:: INPUT DATA ::

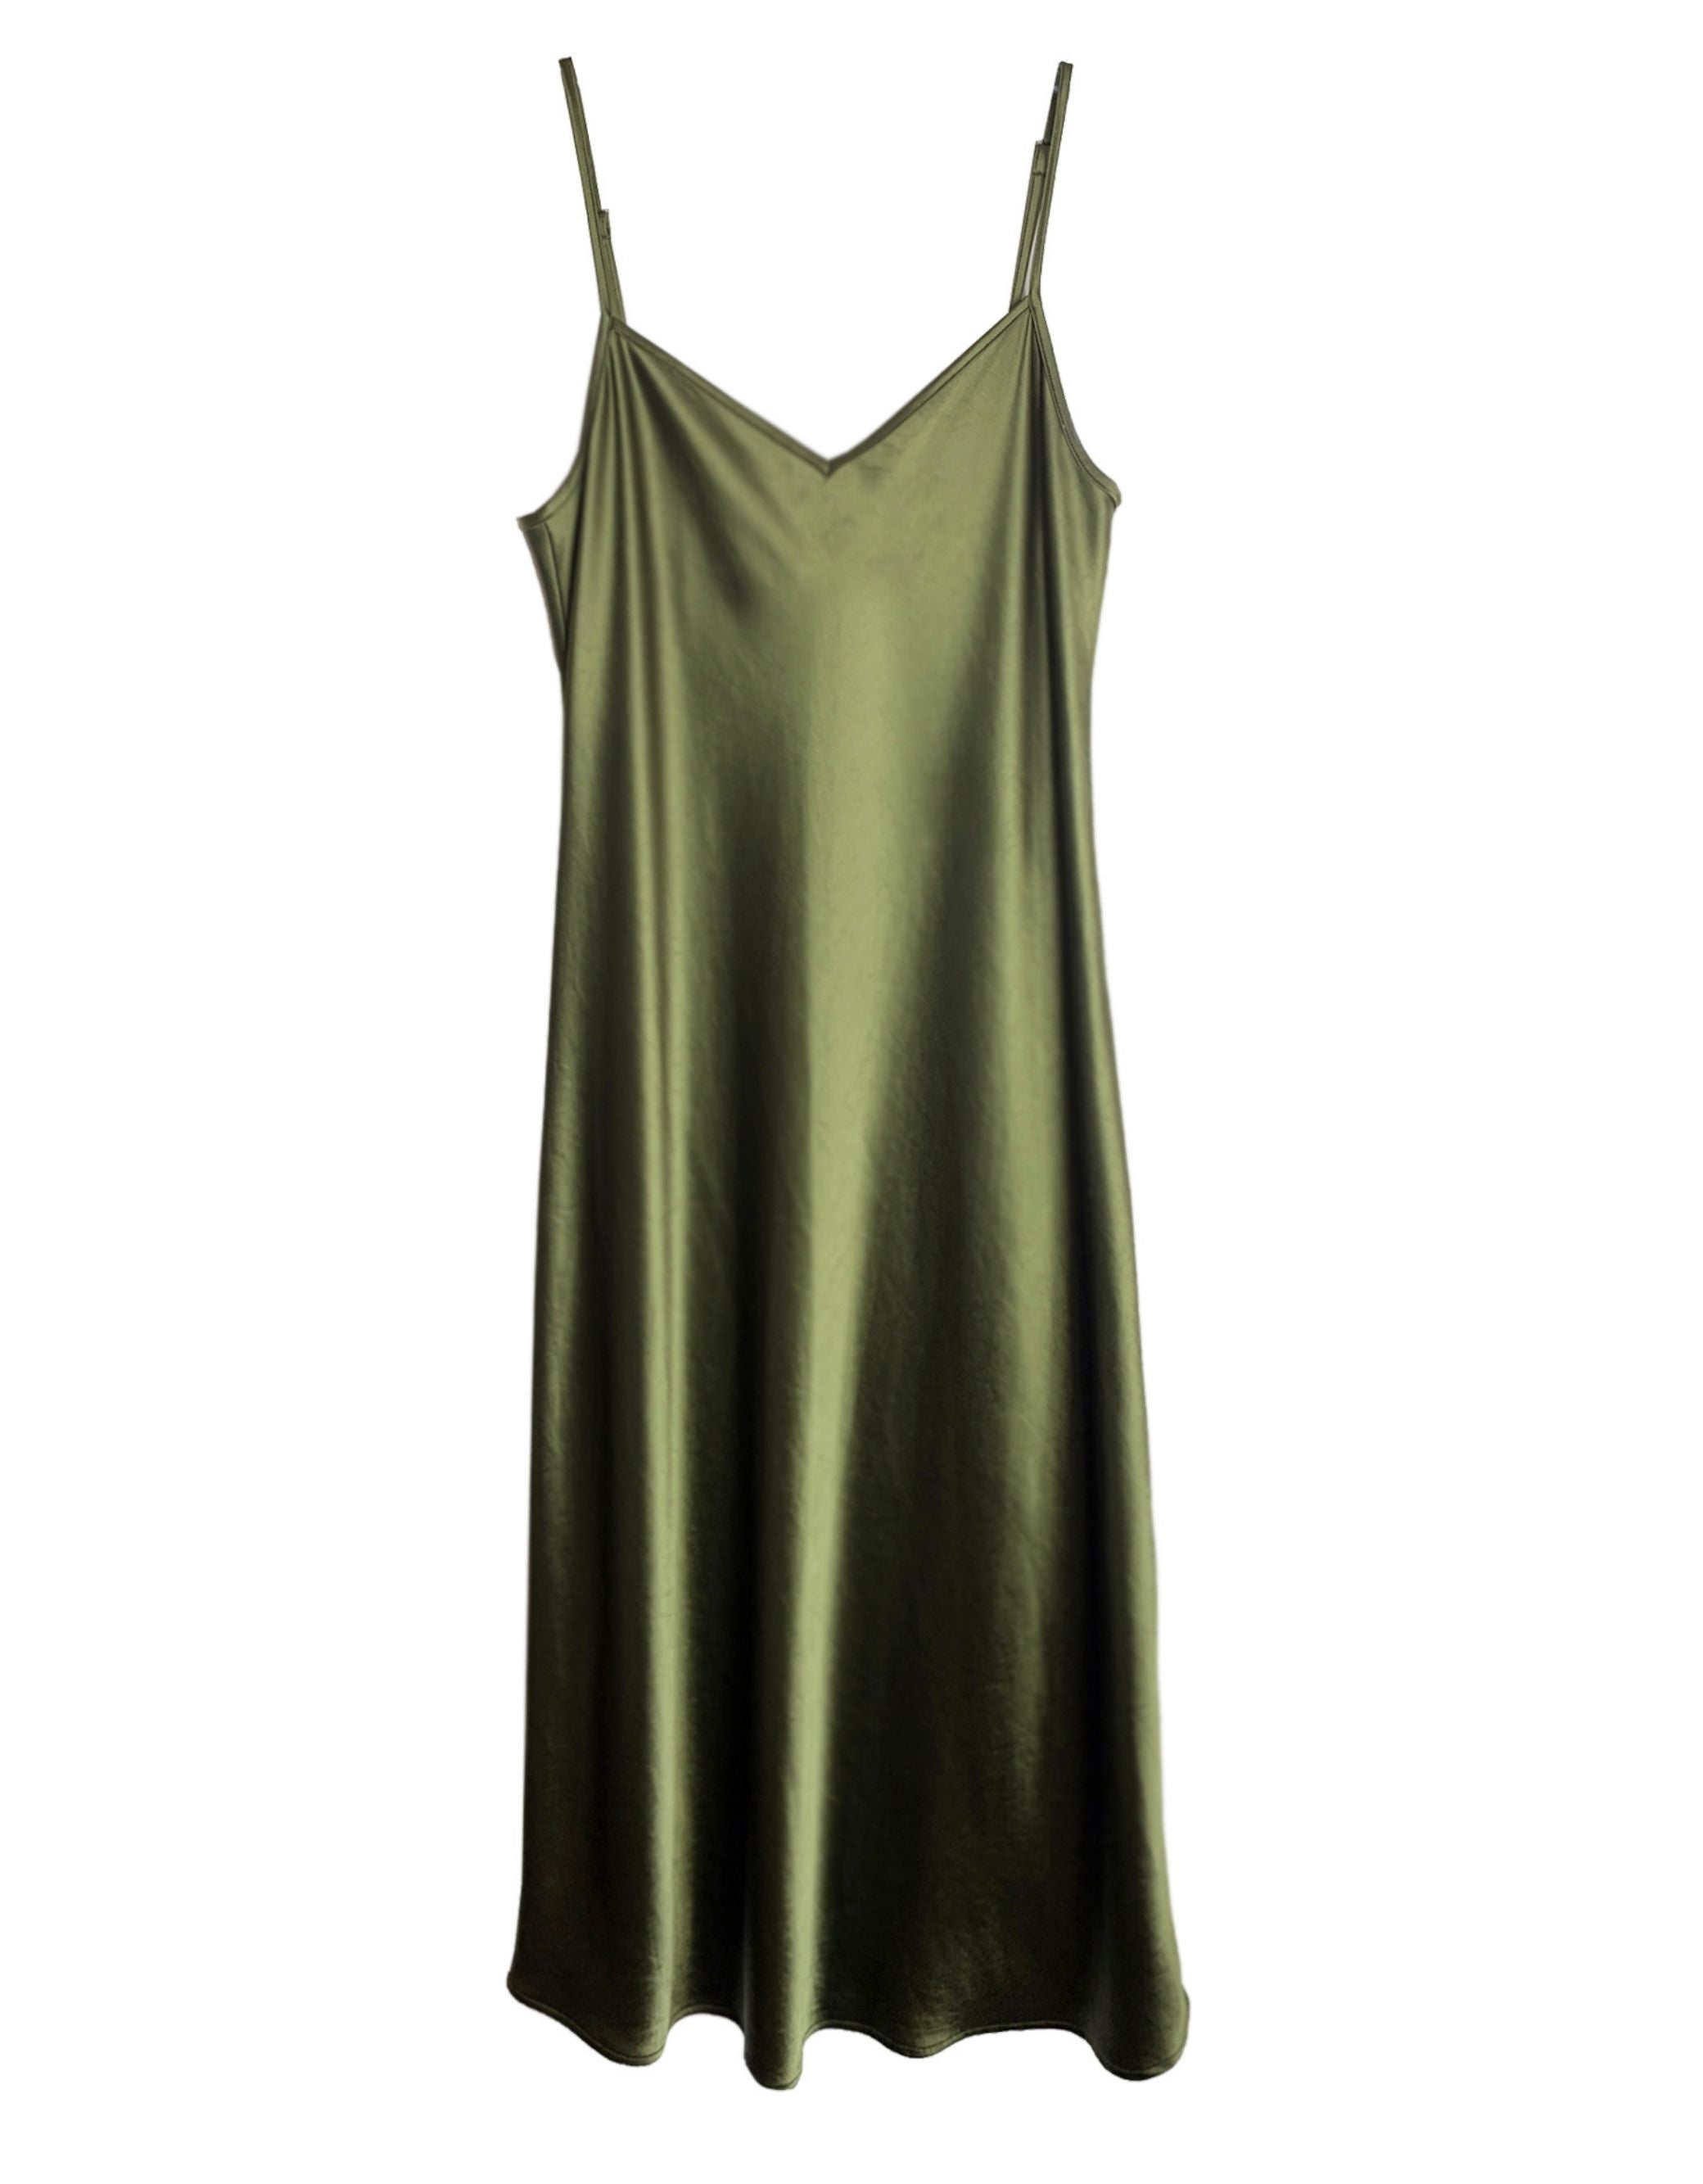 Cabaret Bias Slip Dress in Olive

==

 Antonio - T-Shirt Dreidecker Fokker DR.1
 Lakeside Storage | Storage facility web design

:: WORK TASK ::
Send back an exact copy of only the lines from the line with "Antonio - T-Shirt Dreidecker Fokker DR.1" up to and including the line with "Lakeside Storage |" in the data above.

:: COMPLETED TASK ::
 Antonio - T-Shirt Dreidecker Fokker DR.1
 Lakeside Storage | Storage facility web design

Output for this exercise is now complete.